Importance of long-distance seed dispersal

The lack of isolation by distance and a weak effect of regional structure in the AMOVA analysis point to a weak spatial genetic structure, which suggests that long-distance seed dispersal occurs within the region. Hydrochory can result in effective long-distance seed dispersal (eg Kudoh and Whigham, 1997, 2001) and seeds may be transported over hundreds of meters to several kilometers (Waser et al, 1982; Lonsdale, 1993), especially if river systems display large variances in water discharge due to high volume rain events (Boedeltje et al, 2004). Extensive pollen flow, on the other hand, is an unlikely explanation for the lack of relationship between pairwise genetic and geographic distances, since S. austriacum is mainly pollinated by bees and syrphid flies and pollen flow is therefore most likely to be restricted to within-population pollen transfer, or to pollen transfer among nearby populations. Indeed, most studies investigating pollen flow found that pollinating insects rarely travel distances larger than 1 km (eg Steffan-Dewenter and Tscharntke, 1999; Richards et al, 1999). These results are also in agreement with other studies that have investigated spatial genetic structure of riparian plant species. Kudoh and Whigham (1997), for example, found high gene flow among populations that were adjacent to the tidal stream, indicating that these populations may function as a single genetic metapopulation by extensive and long-distance seed exchanges between them. Similarly, Tero et al (2003) also found no isolation by distance and no regional structure indicating frequent long-distance seed exchange.
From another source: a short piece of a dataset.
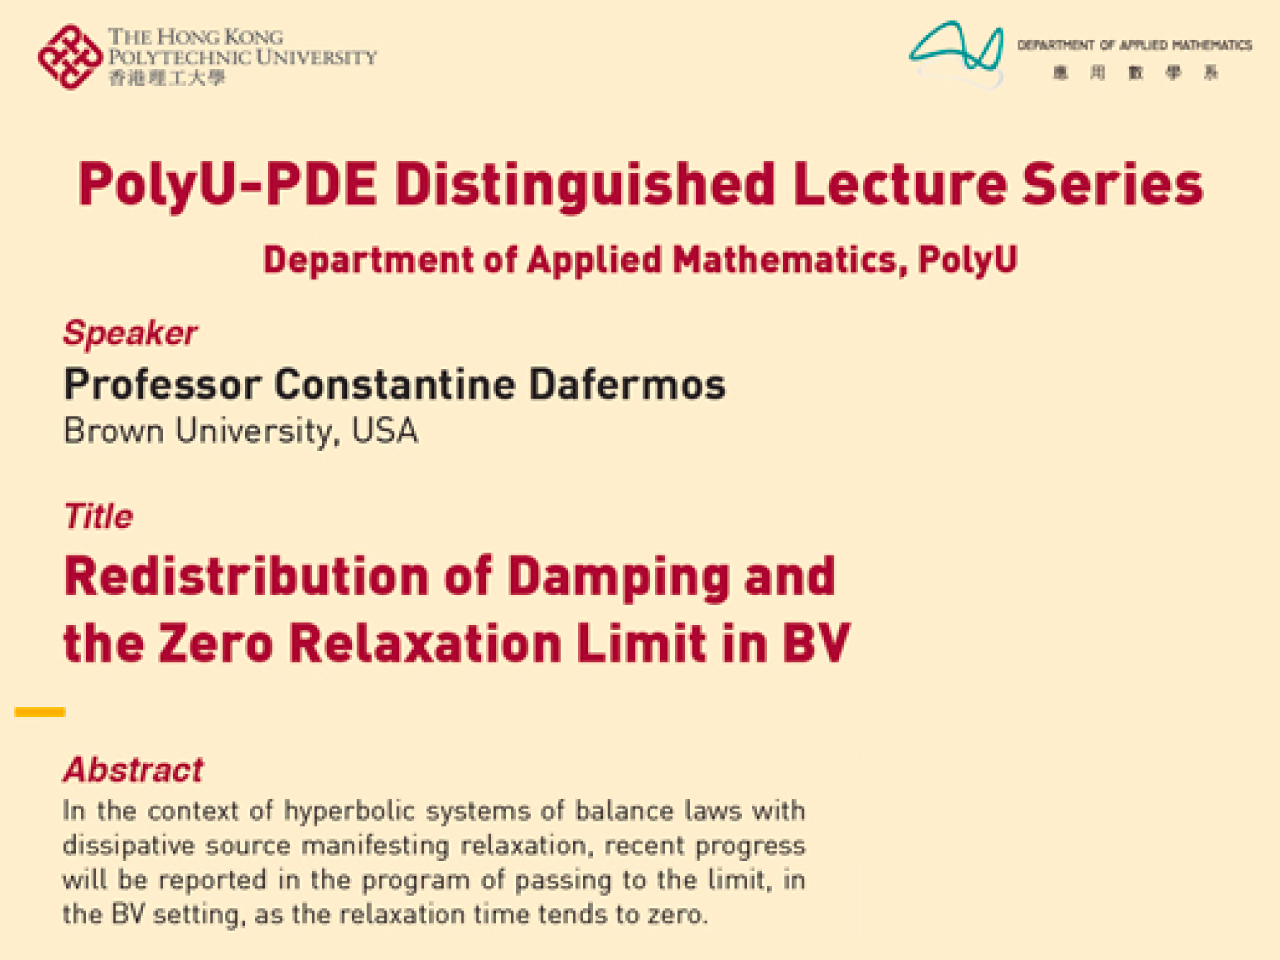 PolyU-PDE distinguished lecture series: redistribution of damping and the zero relaxation limit in BV

On the other hand, nearby populations formed clear clusters in the UPGMA dendrogram, which suggests that short-distance seed dispersal or pollen flow among nearby populations may affect the structure of genetic variation in the studied metapopulation. Most of these populations were found on dynamic banks and were less than 5 years old. Another plausible explanation would be that these populations were formed at the same time by the same founding groups. The pairwise ΦST values between nearby populations indeed indicate very low differentiation among these populations, which confirms the minimal impact of founder effects in the studied system.

Conclusion

Previous research has demonstrated that incorporation of an age structure in plant population genetic research may reveal important information on the processes structuring genetic diversity in dynamic systems (eg McCauley et al, 1995; Giles and Goudet, 1997; Jacquemyn et al, 2004; Litrico et al, 2005). The structure of genetic variation observed in the metapopulation of S. austriacum indicates that the impact of founder effects is minimal. The spatial pattern of genetic variation in S. austriacum suggests that both short- and long-distance seed dispersal shape variation in genetic diversity. Short- and long-distance seed dispersal represent the extreme ends of the dispersal spectrum, and in natural metapopulations, both are likely to occur. The temporal pattern of genetic variation suggests that limited amounts of gene exchange between old and young populations have led to distinct temporal patterns of genetic variation.